Up-to-date market information can be expensive. I am not aware of any free database that provides information on individual company’s earnings, share prices, book value across the global equity markets. This is a daunting task for an amateur who has no access to paid institutional or research databases. I have found a way to partially get around the need for subscription. The idea is to study ETF factsheet or prospectus carefully to extract information on equity markets. ETF (exchange traded fund) comes in many shapes and forms. The ones I pick are passive market index funds investing in major indices of different countries. These indices constitute companies that are most liquid and tradable. While the indices themselves are not the full representation of the entire market, they cover large-cap companies that are often heavily weighted in their markets. Even though the ETF issuers are supposed to update the factsheet or prospectus whenever changes occur, the information I can get from the site can be as old as last week. Anyway, the representation from such sampling should be good enough for a part-time project.

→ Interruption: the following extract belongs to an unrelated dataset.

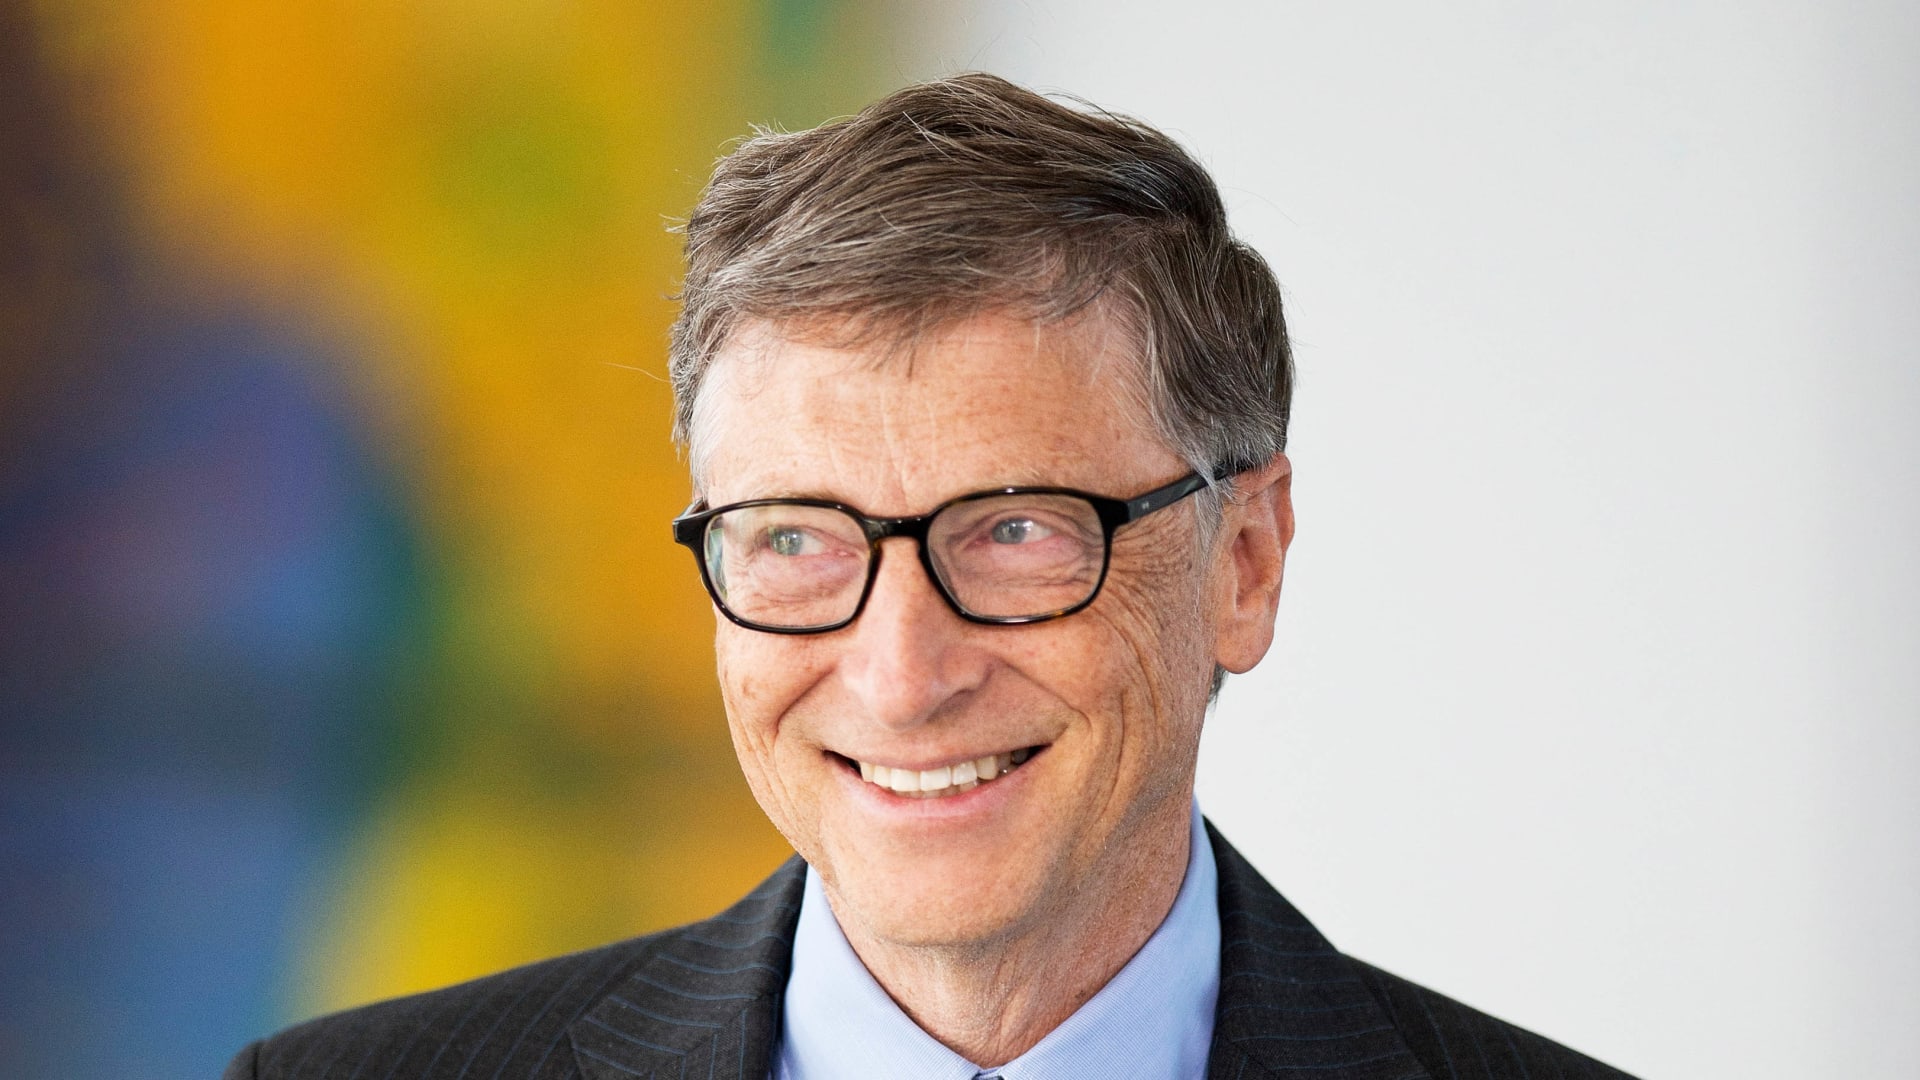 Bill Gates Says These Are The 2 Questions He Always Asks When Solving

‘ishares’ issues a number of products targeting Asia, Europe and America equities markets. To obtain the country-level graduality, I choose 41 of their ETFs, each investing fund on its respective country. The websites of all of the 41 can be found in the References section.
Prerequisite
Install Geopandas and all dependencies
Methods
Downloading data from ishares
Automatic website parsing is possible on Ishares websites. I downloaded the html from the ETF’s URLs, parsed entries on the fund characteristics, and wrote the values to a csv file for later plotting. The steps were repeated for each country ETF. The structure of the data is best shown by the screenshots of the website table.
This is an ETF for Finland
The fund’s characteristics, which is used to infer the country’s equity market, are listed in the table below.
The sectors or industries these companies belong:
Data Visualization
Geopandas provides a very nice world map from its “naturalearth_lowres” dataset in which each country is depicted by polygons. However, I could not find Hong Kong and Singapore on this map, so I drew an excessively large square to reflect their prominent position in the flow of capital across the world markets.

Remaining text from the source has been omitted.